The task for the listing below is to write out exactly the lines starting at the one containing "Allenjoy photography background" and ending at the one containing "Tubo de escape", both included. Pictures are to be omitted.

**INPUT DATA**.
********

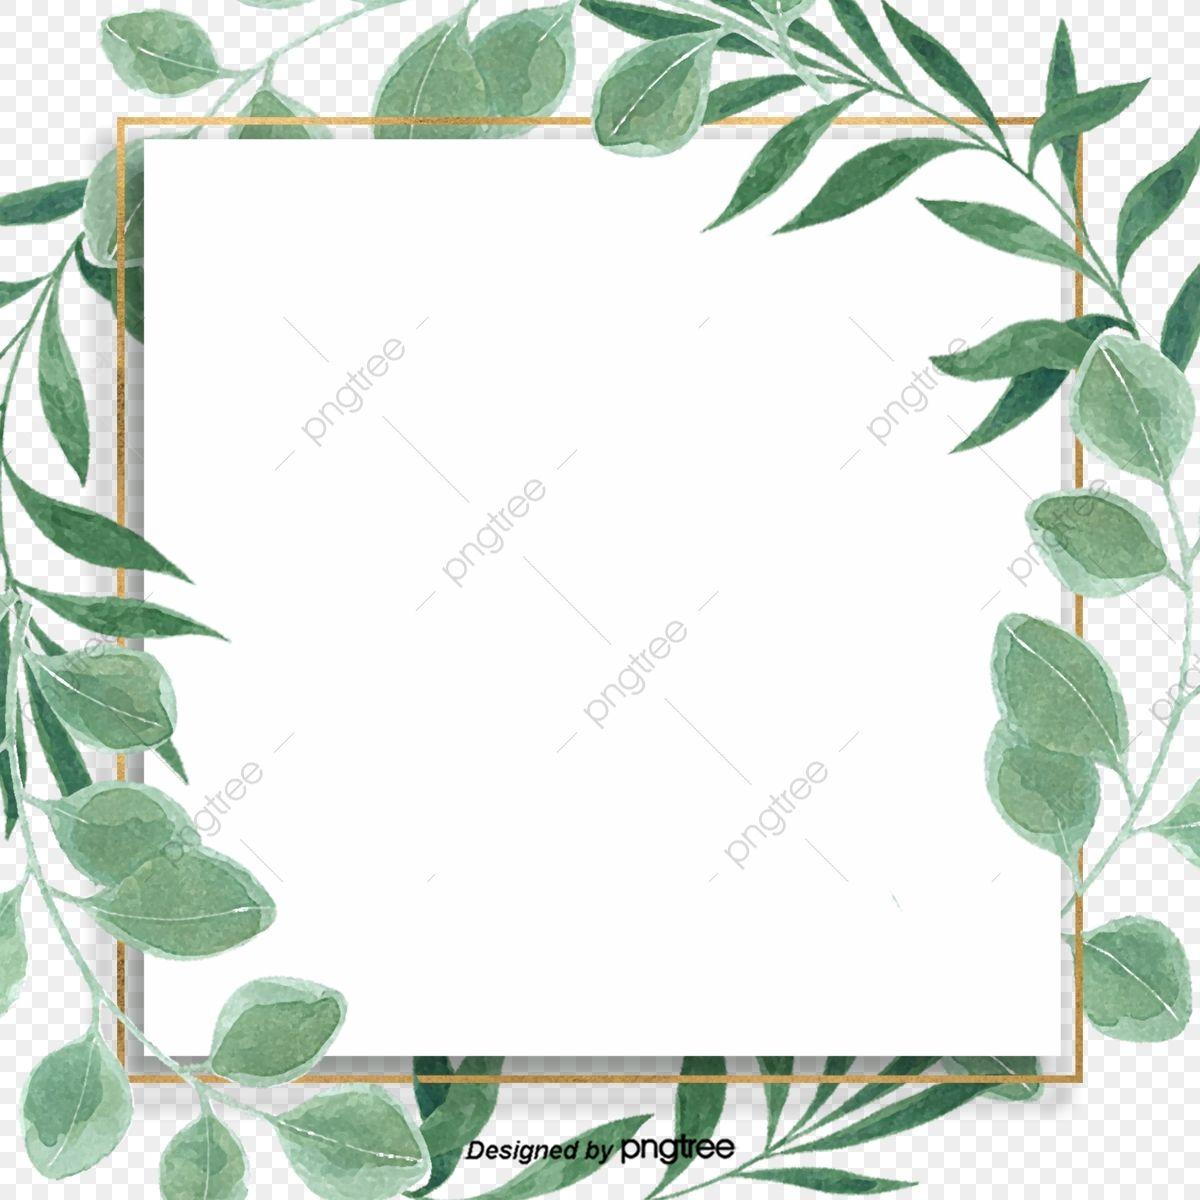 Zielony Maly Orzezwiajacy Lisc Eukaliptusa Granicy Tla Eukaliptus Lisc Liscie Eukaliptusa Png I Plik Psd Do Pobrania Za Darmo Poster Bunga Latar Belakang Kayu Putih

********

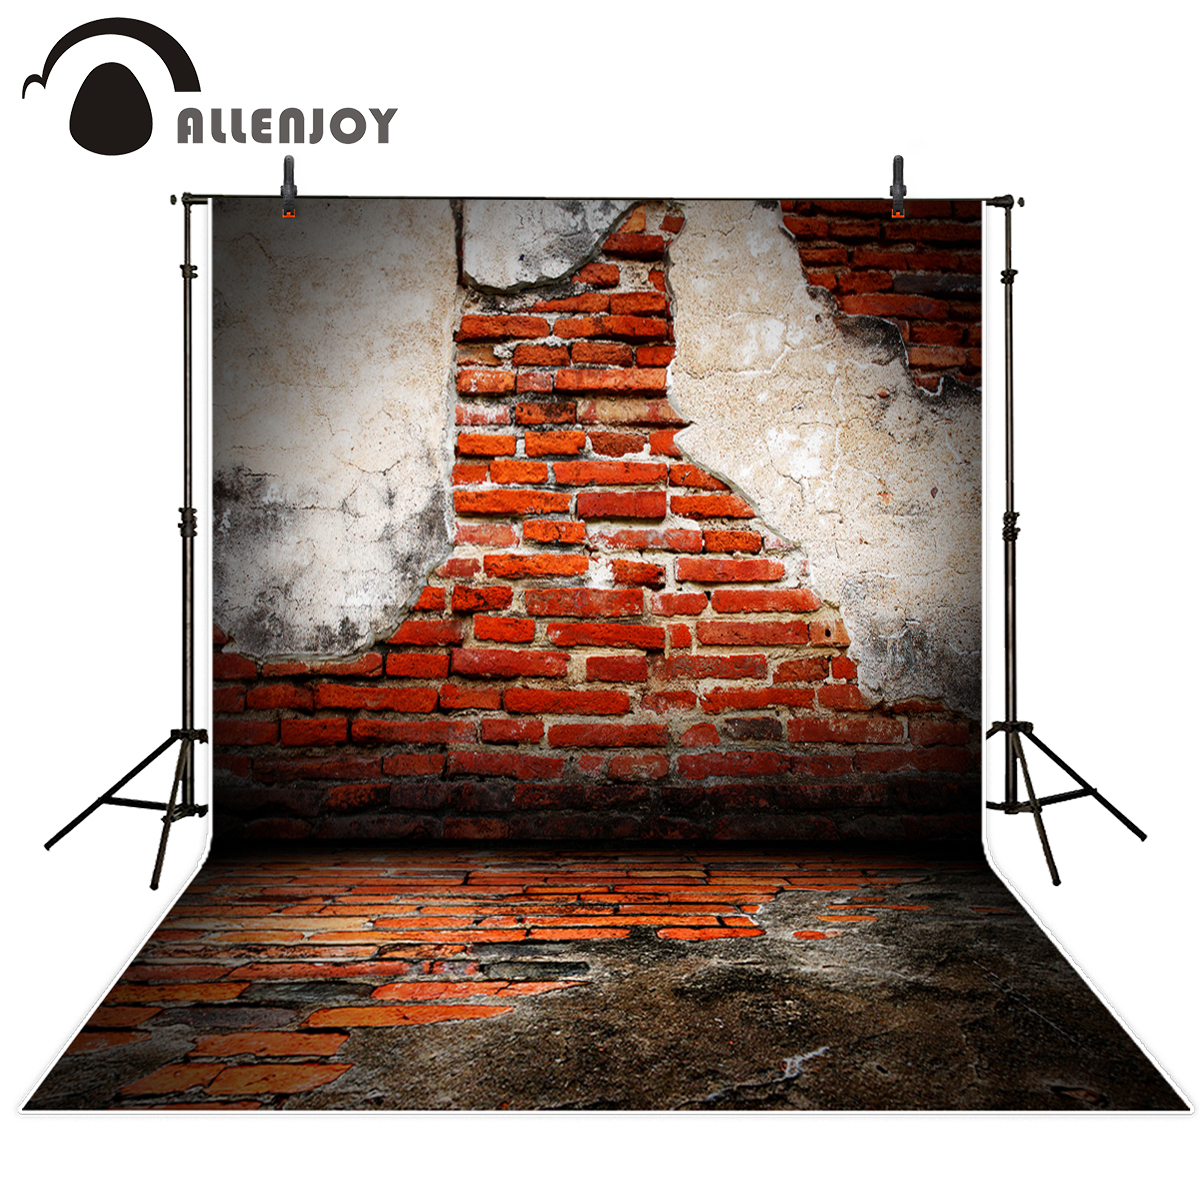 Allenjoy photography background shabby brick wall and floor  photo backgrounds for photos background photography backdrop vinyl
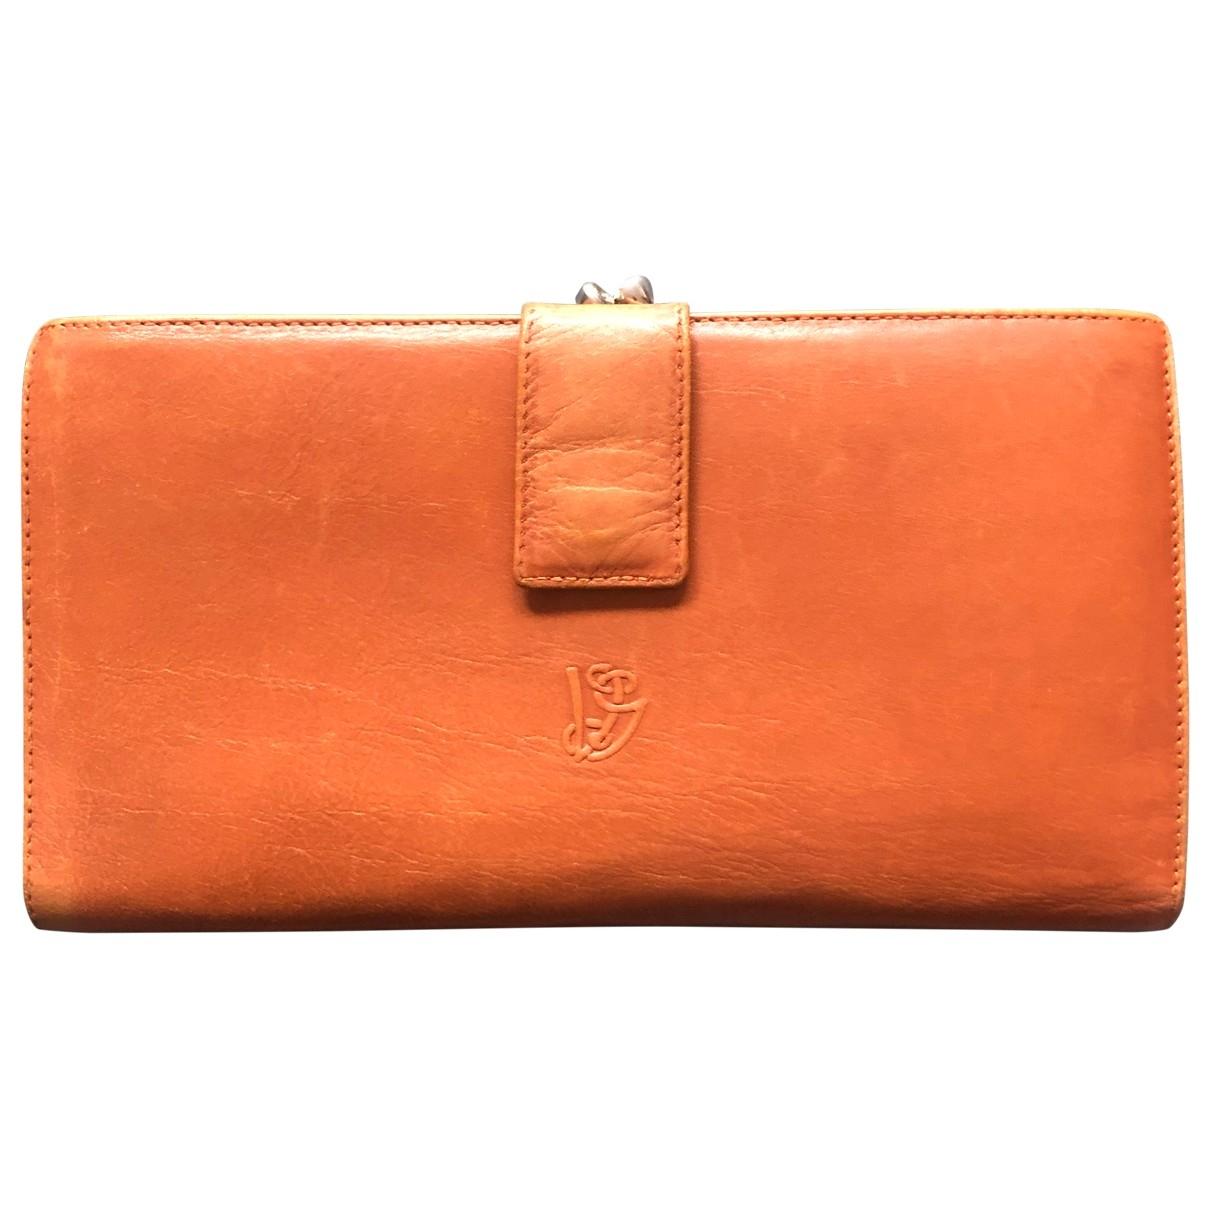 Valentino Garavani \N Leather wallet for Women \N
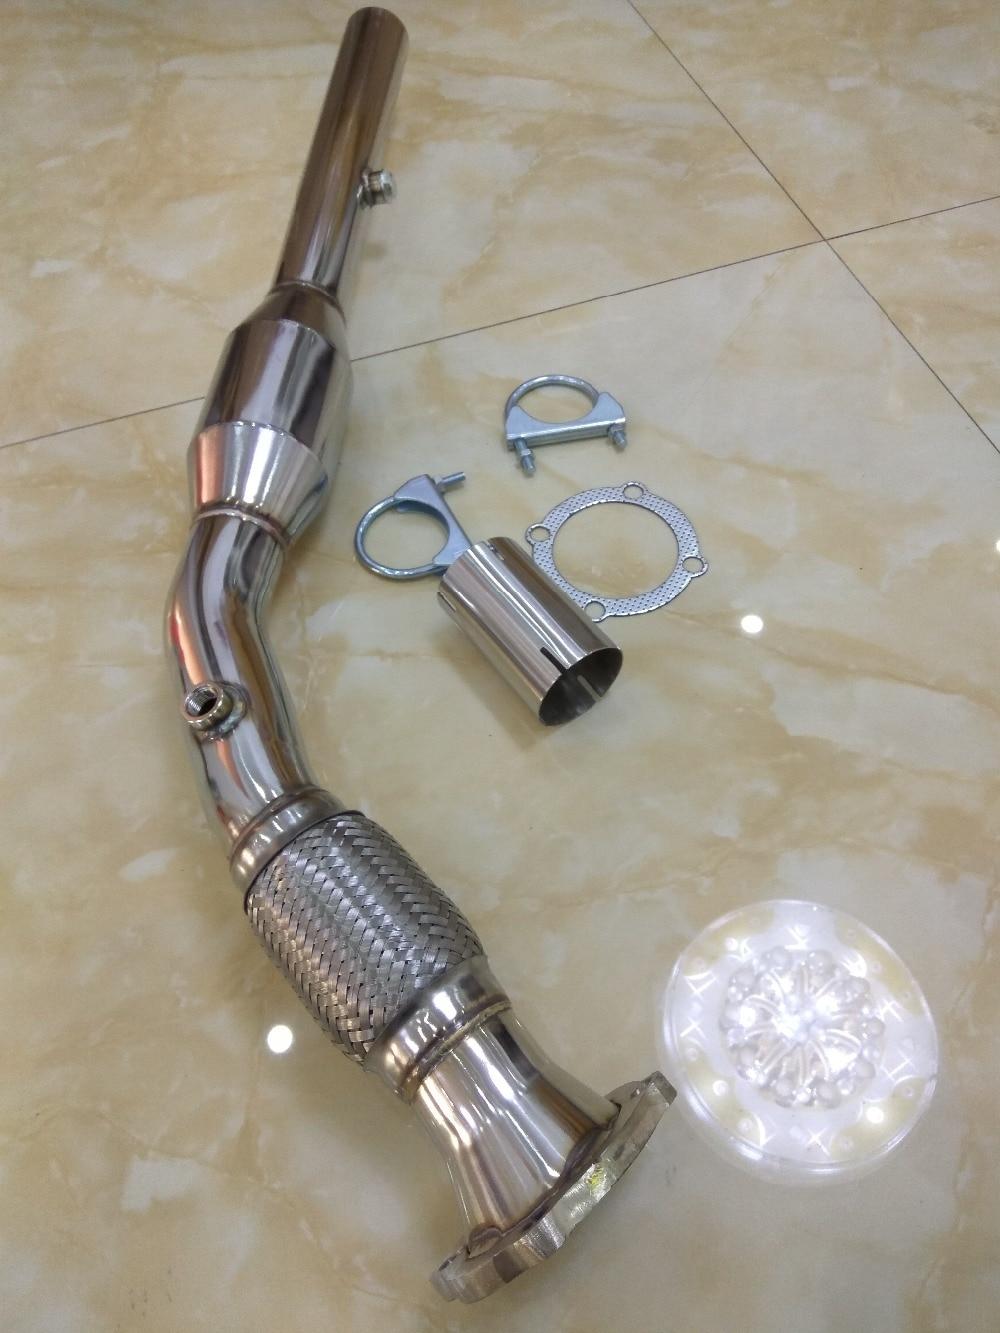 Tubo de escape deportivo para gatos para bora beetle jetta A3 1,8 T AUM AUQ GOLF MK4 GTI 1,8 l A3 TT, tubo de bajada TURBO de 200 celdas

********

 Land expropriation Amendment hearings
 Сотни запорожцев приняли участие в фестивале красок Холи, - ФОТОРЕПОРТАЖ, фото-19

********

**EXERCISE RESULT**.
 Allenjoy photography background shabby brick wall and floor  photo backgrounds for photos background photography backdrop vinyl
 Valentino Garavani \N Leather wallet for Women \N
 Tubo de escape deportivo para gatos para bora beetle jetta A3 1,8 T AUM AUQ GOLF MK4 GTI 1,8 l A3 TT, tubo de bajada TURBO de 200 celdas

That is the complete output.